• Assigned task: Please produce a character-exact copy of the listing that follows, omitting all images.

• Supplied material:

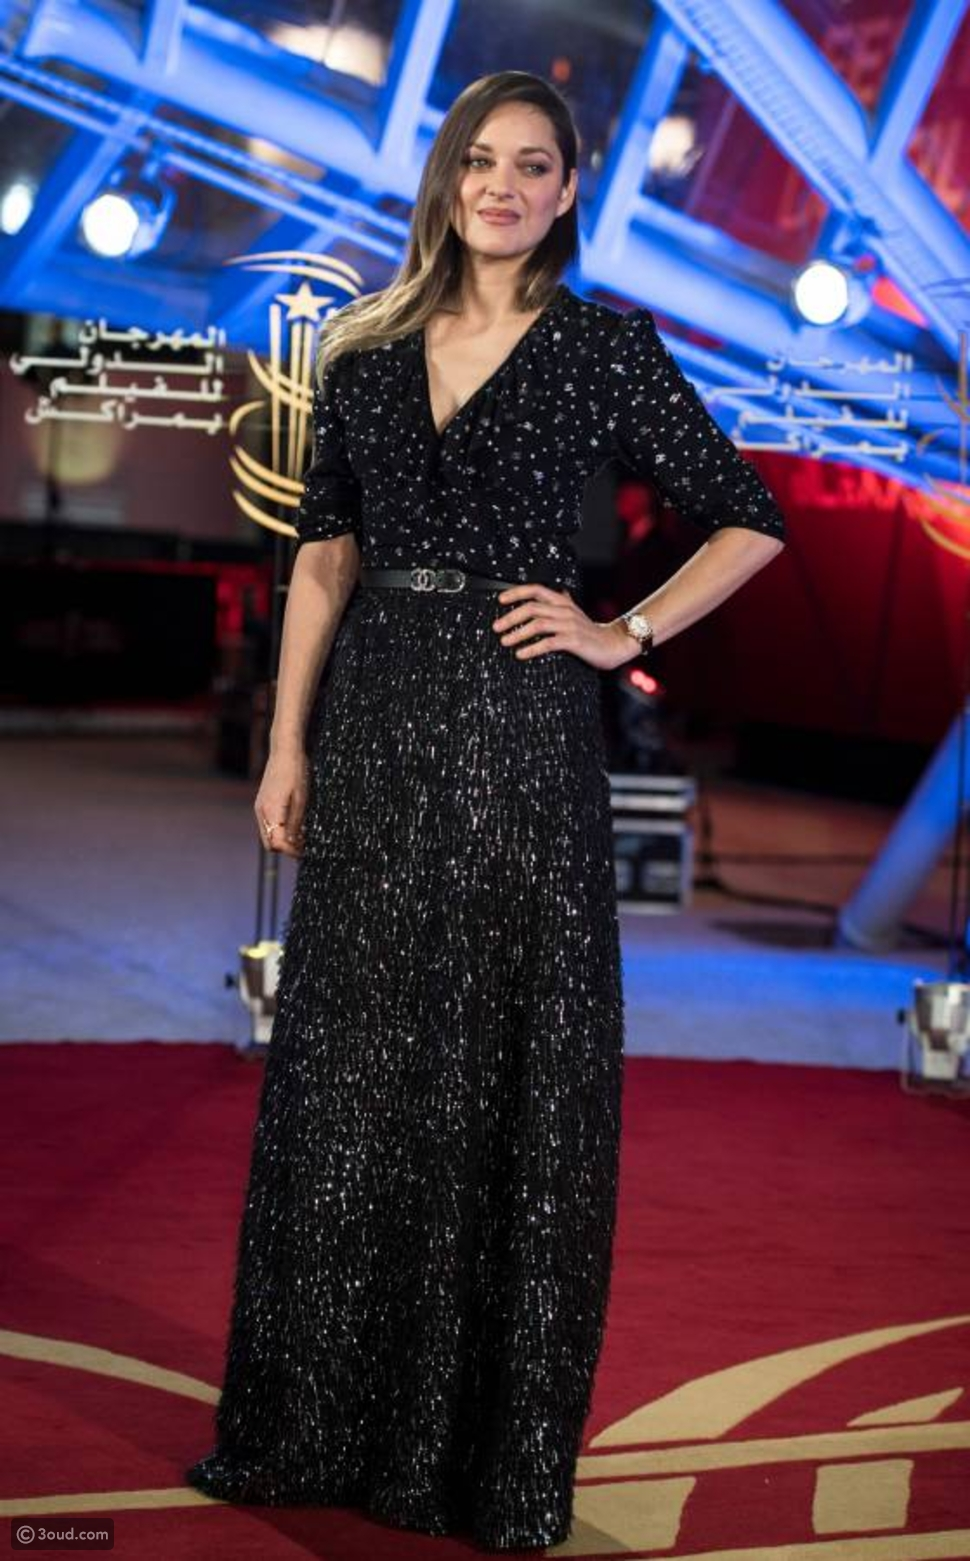 أبرز إطلالات نجوم مهرجان مراكش السينمائي
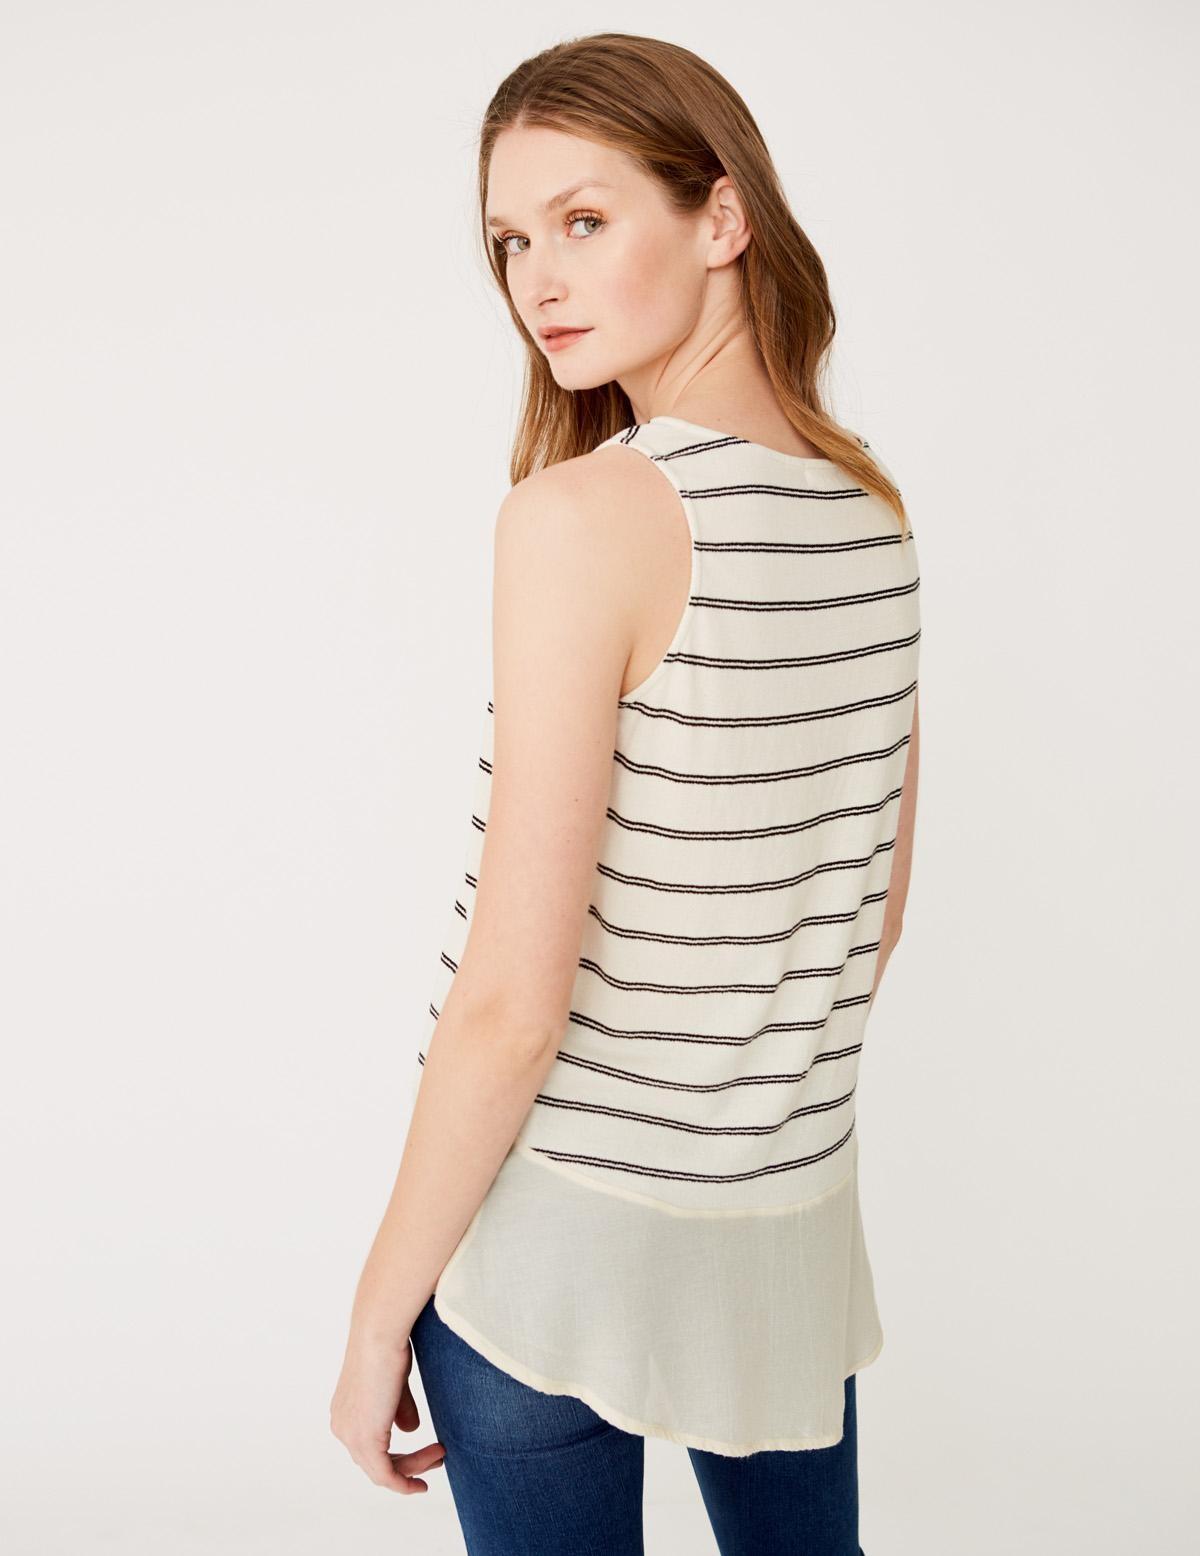 Camiseta sin mangas rayas - Ítem1
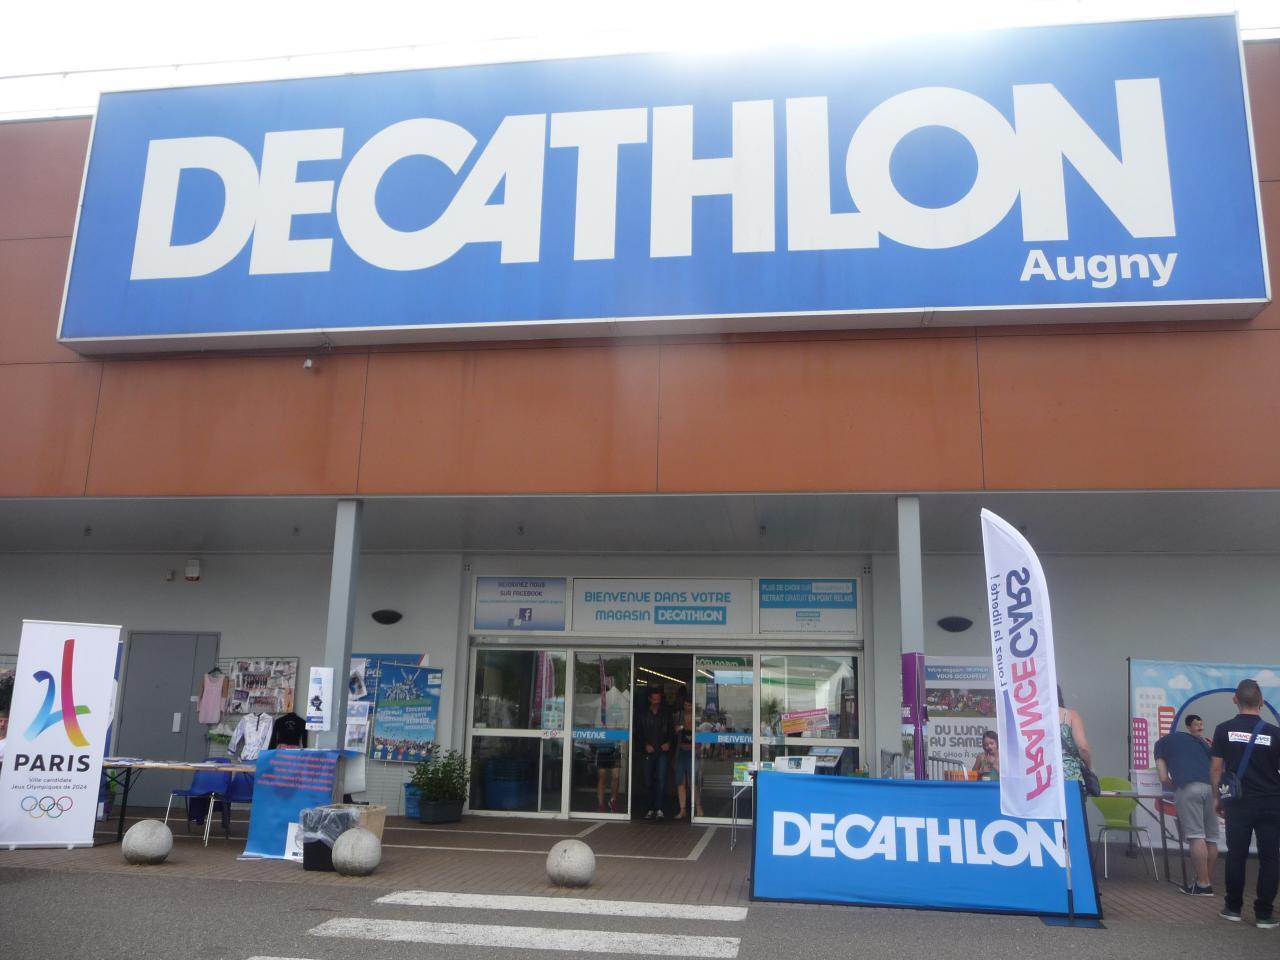 PARTENAIRE EXPOSANT VITALSPORT DECATHLON  METZ AUGNY 57
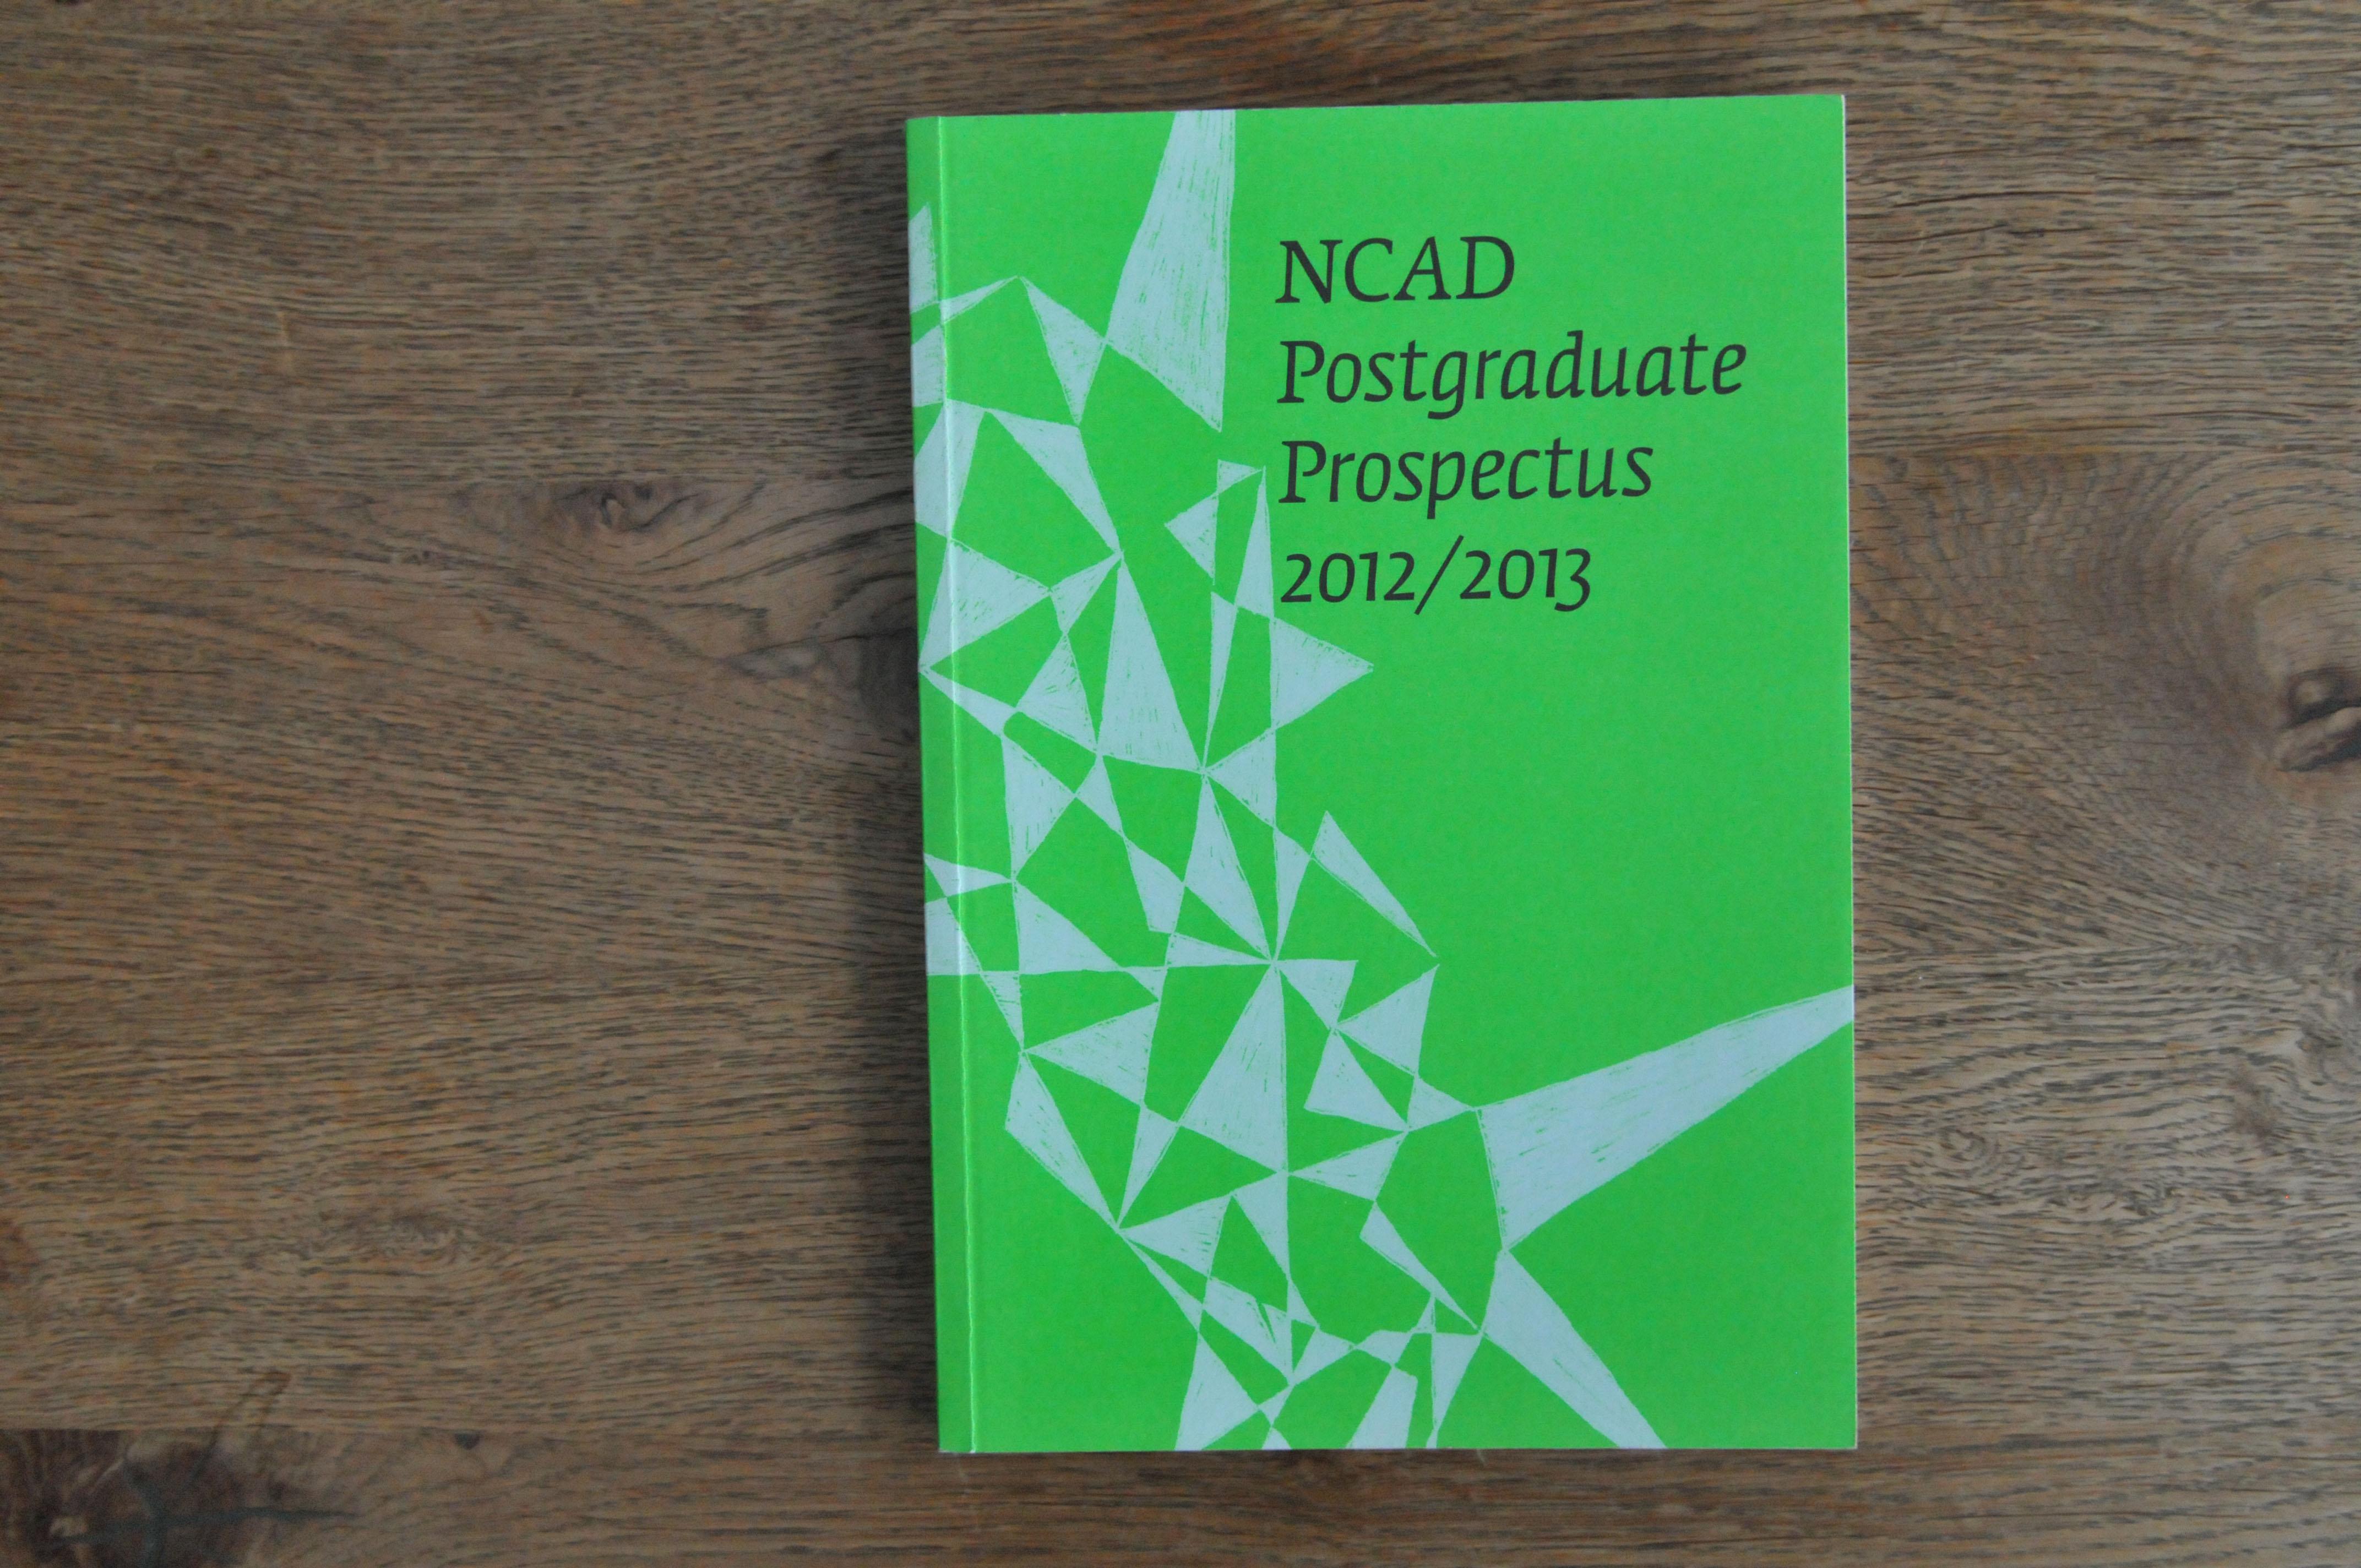 Cover image: NCAD Postgraduate Prospectus 2012/2013

• Task output:
 أبرز إطلالات نجوم مهرجان مراكش السينمائي
 Camiseta sin mangas rayas - Ítem1
 PARTENAIRE EXPOSANT VITALSPORT DECATHLON  METZ AUGNY 57
 Cover image: NCAD Postgraduate Prospectus 2012/2013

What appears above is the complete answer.